曹操は相次いで二将を失い、心中憂え塞いだ。程昱が言った。「我、一人を推挙して顔良に対抗させましょう。」曹操が誰かと問うと、程昱は言った。「関公をおいて他にございませぬ。」曹操は言った。「我は彼が功を立てれば去ってしまうことを恐れる。」程昱は言った。「劉備がもし生きておれば、必ず袁紹を頼りましょう。今もし雲長に袁紹の軍を破らせれば、袁紹は必ず劉備を疑い、これを殺すでありましょう。劉備が死ねば、雲長はまたどこへ行きましょうか。」曹操は大いに喜び、人を遣わして関公を招いた。関公はすぐに入って二人の嫂に別れを告げた。二人の嫂は言った。「叔父が今回行かれるならば、皇叔の消息をお尋ねください。」
関公は命を受けて出で、青龍刀を提げ、赤兎馬に騎り、数人の従者を連れて、白馬に至り曹操に見えた。曹操は述べて言った。「顔良が相次いで二将を殺し、その勇当たるべからず。特に雲長を招いて相談いたす。」関公は言った。「請う、我に見させよ。」曹操は酒を設けて饗応した。忽然と顔良が挑戦してきたと報じられ、曹操は関公を連れて土山に上り見下ろした。曹操と関公は座し、諸将は環立した。曹操は山下に顔良が布く陣勢を指し、旗幟は鮮明、槍刀は森然と羅列し、厳整にして威風あり、そこで関公に言った。「河北の軍馬、かくも雄壮なり!」関公は言った。「我が見るに、土鶏瓦犬に過ぎません!」曹操はまた指して言った。「麾蓋の下、繍袍金甲を着け、刀を持ち馬に立つ者、即ち顔良なり。」関公は頭を上げて見、曹操に言った。「我が顔良を見るに、まさに標を挿して首を売るがごときもの!」曹操は言った。「軽んずるべからず。」関公は立ち上がり言った。「我は不才ながら、万軍の中に赴きその首級を取り、丞相に献じましょう。」張遼が言った。「軍中に戯れ言は無用、雲長おろそかにすべからず。」
関公は奮然として馬に上り、青龍刀を逆さに提げ、山を駆け下りた。鳳眼を円く見開き、蚕眉を真っ直ぐに立て、まっすぐ敵陣に突入すれば、河北の軍は波のごとく分かれた。関公はまっすぐ顔良を目指した。顔良はまさに麾蓋の下にあり、関公の突入するを見て、問おうとした時、関公の赤兎馬は速く、既に面前に到っていた。顔良は措置の間もなく、雲長の手を挙げ一刀、馬下に刺し貫かれた。忽ち馬を下り、顔良の首級を刎ね、馬の首の下に繋ぎ、飛び乗って馬に上り、刀を提げて陣を出で、人の居らぬがごとくであった。河北の兵将は大いに驚き、戦わずして自ら乱れた。曹軍は勢いに乗じて攻め、死者は数えきれず、馬匹器械は奪うこと極めて多かった。関公は馬を駆って山に上り、諸将は皆来たり賀した。関公は首級を曹操の前に献じた。曹操は言った。「将軍はまことに神人のごときお方!」関公は言った。「我が何か称えるに足りましょうか!我が弟、張翼徳は百万の軍中に上将の首級を取ること、囊中の物を探るがごとし。」曹操は大いに驚き、振り返って左右に言った。「今後、もし張翼徳に遇うことあらば、軽んじて敵するなかれ。」命じて衣袍の襟底に書き記し、記念とさせた。

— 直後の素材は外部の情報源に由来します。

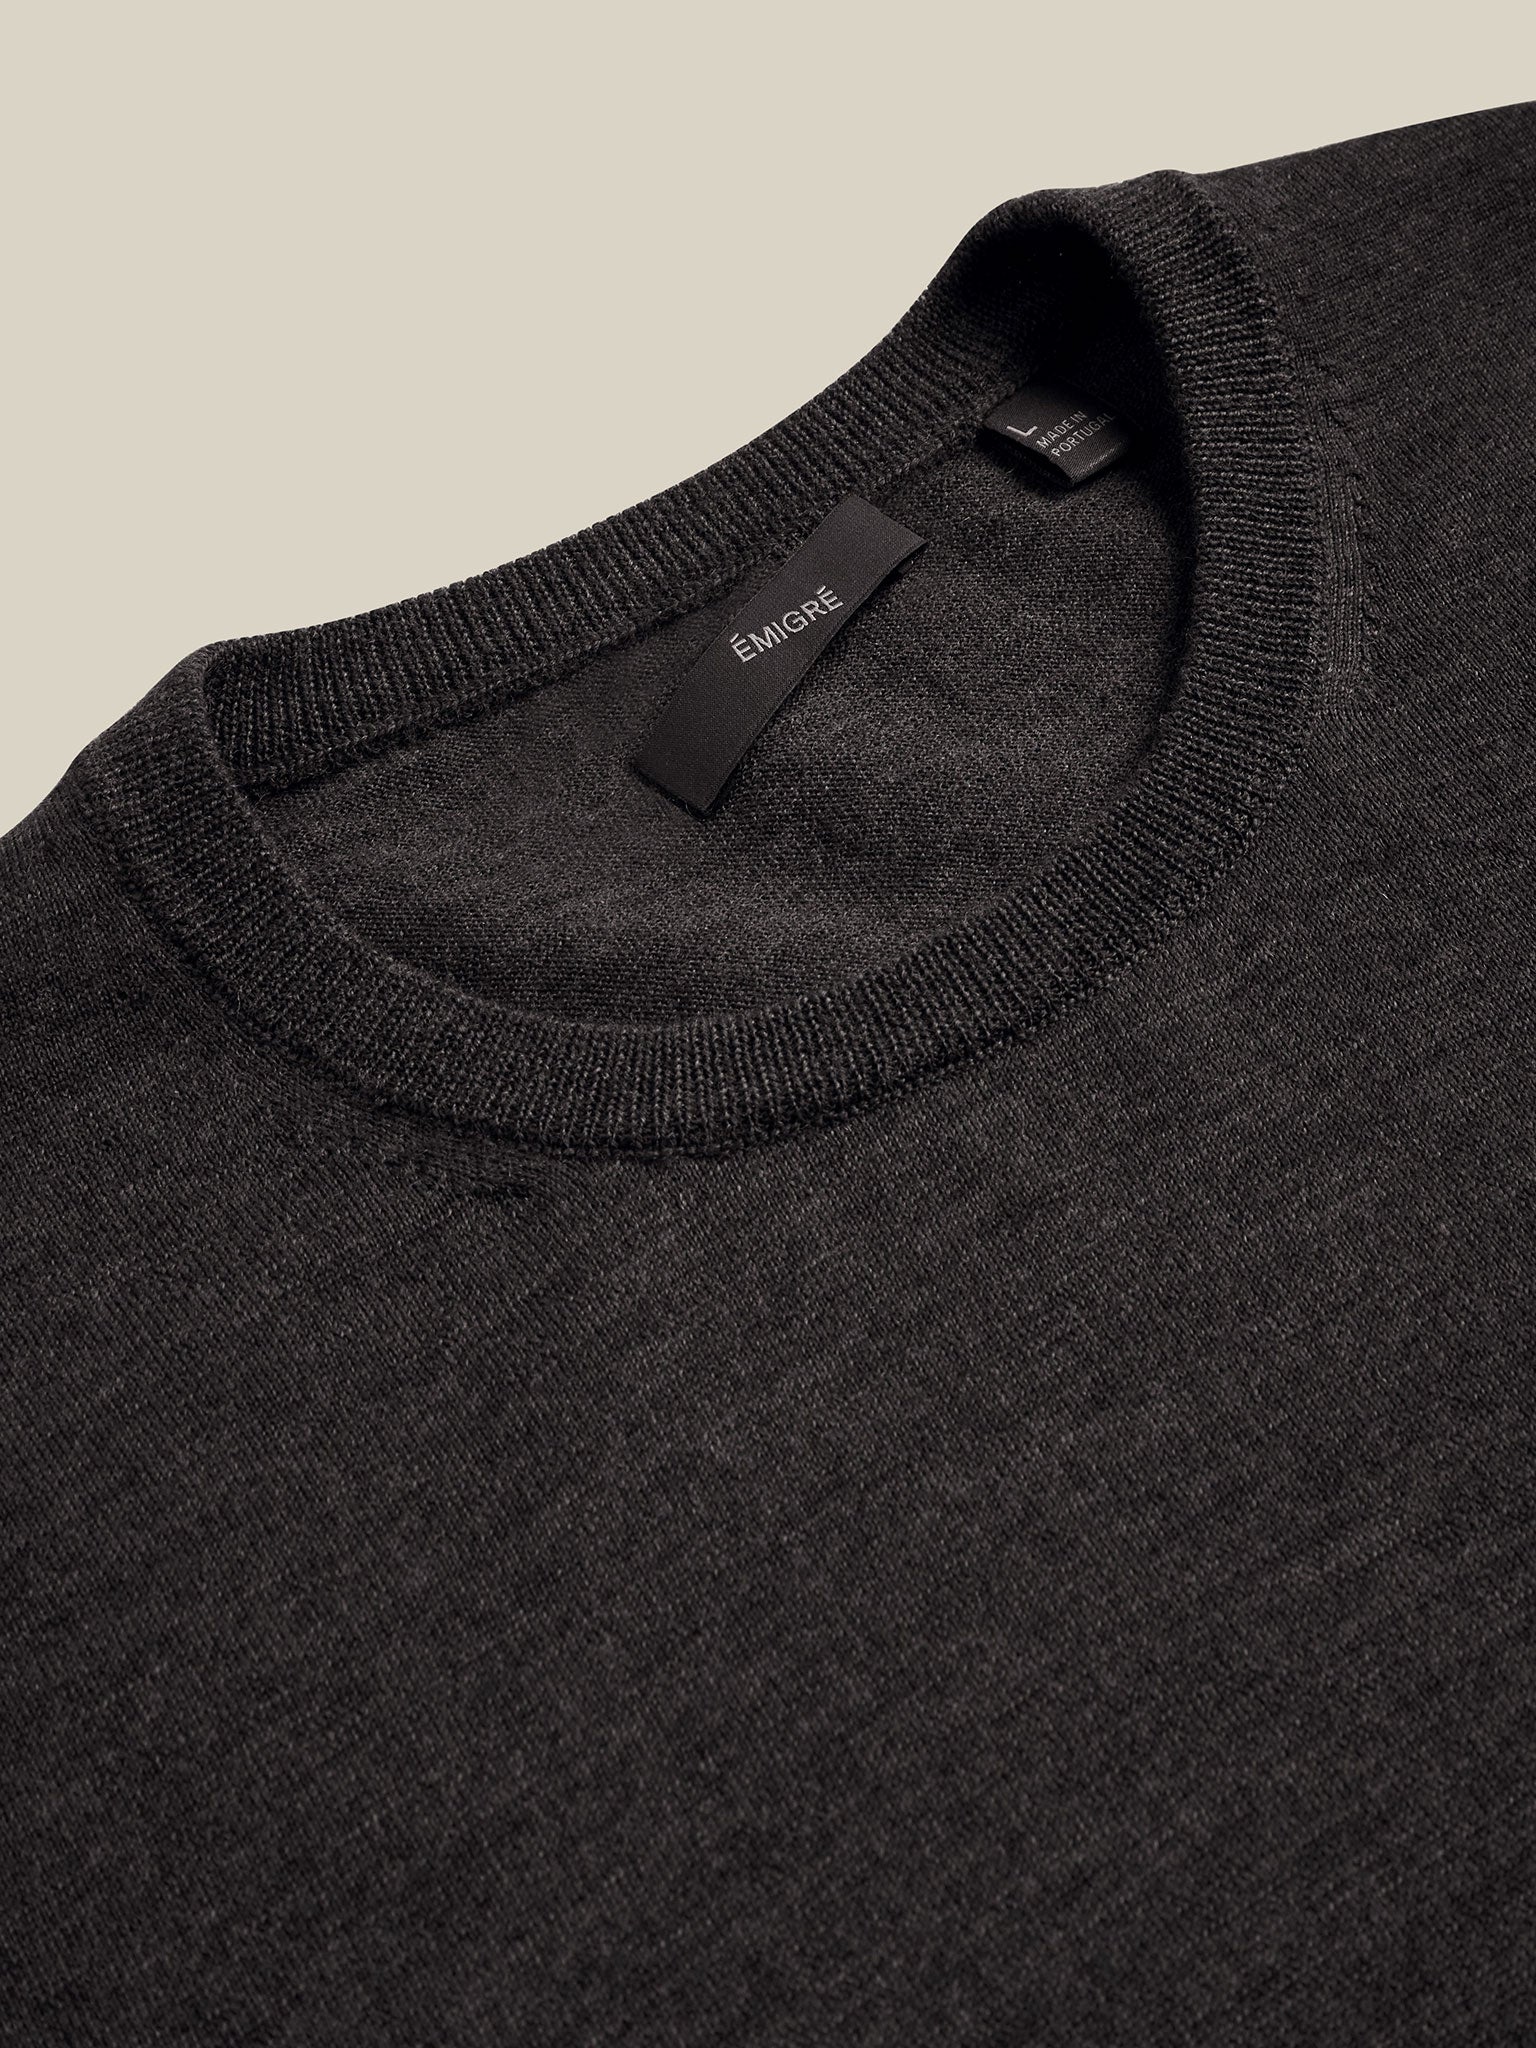 grey merino wool jumper - Versatile, sharp and easy.

さて、顔良の敗軍は走り帰り、途上で袁紹に遇い、報告して言うには、一人の紅い顔に長い鬚の大刀を使う勇将が、単騎で陣に入り、顔良を斬りて去り、それゆえ大敗したと。袁紹は驚いて問うた。「この者は誰ぞ?」沮授が言った。「これは必ずや劉玄徳の弟、関雲長にございます。」袁紹は大いに怒り、玄徳を指して言った。「汝の弟が我が愛将を斬った。汝は必ずや彼と通謀している。汝を留めて何の用か!」刀斧手を呼び、玄徳を引き出して斬らせようとした。まさに、
初めはまさに座上の客、この日はほとんど階下の囚人とならんとす。
初めはまさに座上の客、この日はほとんど階下の囚人とならんとす。
玄徳の性命は如何に、且く下文の分解を聴け。